DiARC Department of Architecture - University of Naples "Federico II", Italy

This contribution aims to explore the pioneering vision of the 'upturned school' as an innovative educational paradigm for the learning of children and young teens.

This vision is rooted in anti-authoritarianism, individual freedom, and participation, in a perspective, still relevant today, that invites us to rethink the school as a contemporary environment, freed from ministerial rigidity and capable of reflecting the evolution of educational needs (De Carlo, 1968). Aware that the education of children can shape a future society that is more or less free and creative (Munari, 1977), and that this formation can take place through that "very serious business useful for understanding the world" that is play (Mari, 2011), the upturned school promotes an unconventional learning environment. This environment is designed so that young people can innovate and transform thinking into reality. Inspired by the ideas of 'prepared environment' (Montessori, 1931) and environment as a 'third teacher' (Malaguzzi, 2010), it is rooted in a fundamental question: if teaching aims to train and teach how to think, how to live in today's world, «how can school train people, if it does not pose the question of bringing young people closer to the very concept of happiness?» (Santoianni, 2016).

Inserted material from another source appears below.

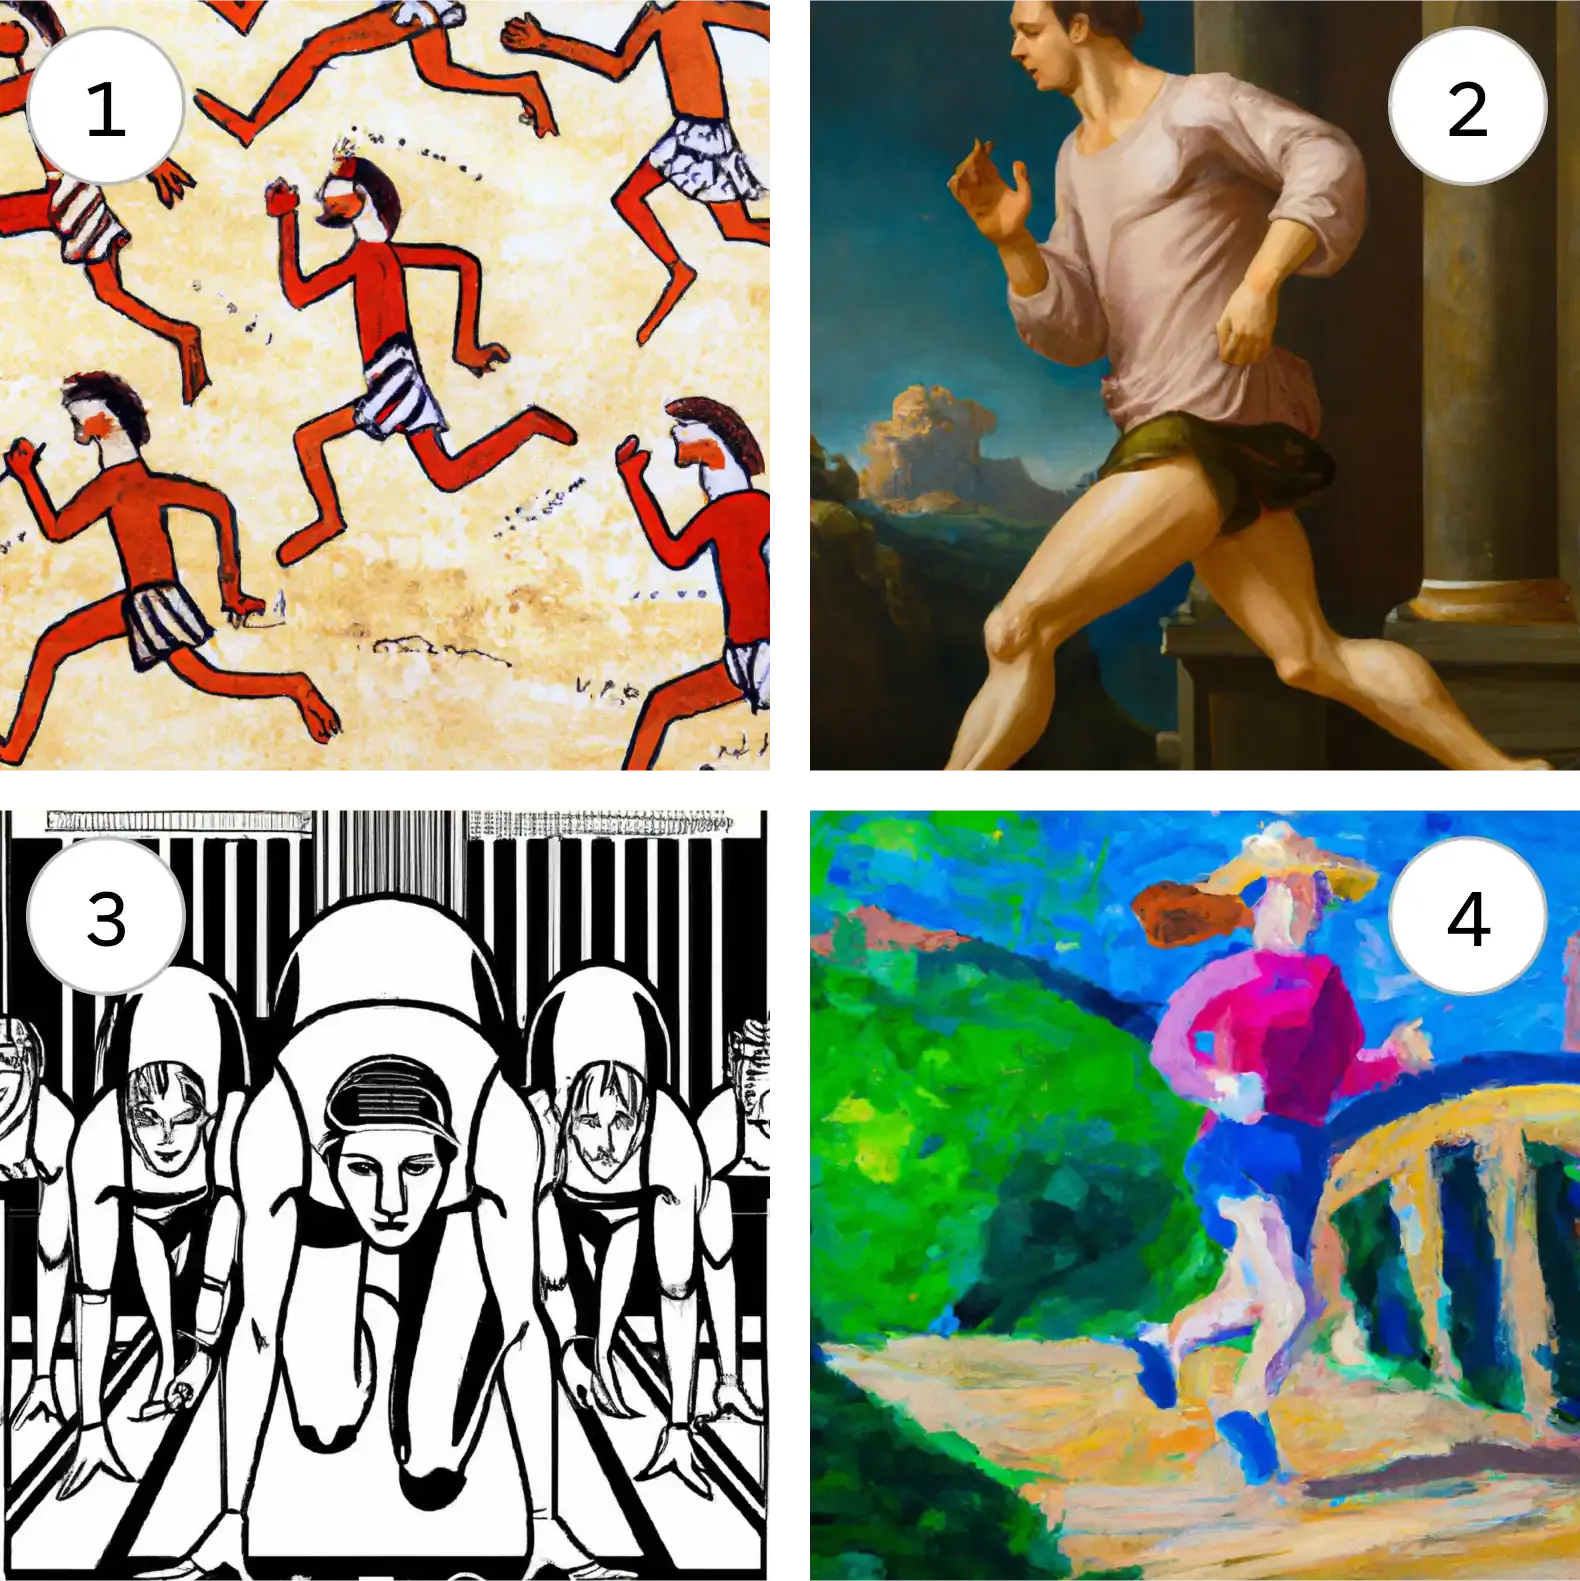 Four different images of people running, rendered in different artistic styles.

In this complex framework of positions, questions, and expectations, a didactic workshop experimentation was launched involving students and teachers of the CdL in Community Design of the 'Federico II' University of Naples, joined by lecturers from the Humanities Department, in the development of a co-design process with the 'Europa Unita' State Comprehensive Institute in the Salicelle district of Afragola (NA). The interdisciplinary approach supports an operational methodology where the pedagogical design of learning environments coexists with the architectural design of spaces, furniture, and educational objects. The latter were co-designed starting from the needs and desires of the school community and based on pedagogical criteria that revolve around certain keywords relating to the current experimental models of education, which promote the idea of interaction, flexibility, and open to the world of the implicit.

The design outcomes - presented in November 2023 as part of the 3rd edition of the "Afragola Film Festival of Architecture and Design - Beyond the Vision" - are proposed as evolving answers, versatile containers for nurturing thought, "elastic" containers that expand the spatial dimension, opening the school to places, territories, the world, cultures. These environments are conceived as labs where nature and artifacts mix and coexist dynamically, where the interior is an intimate space that becomes plural as it opens up relationships. Within this framework, the construction of a more inclusive, sustainable educational future inspired by children's creativity takes a bold step forward and welcomes «the non-conformist utopia, which gives backspace to the pleasure of life» (Vittoria, 1987). In this way, children and young people, as social innovators, become the protagonists of peer experimentation, capable of challenging the adult world, and can play the role of 'pattern destroyers' and activators of visionary 'models' of a desirable future.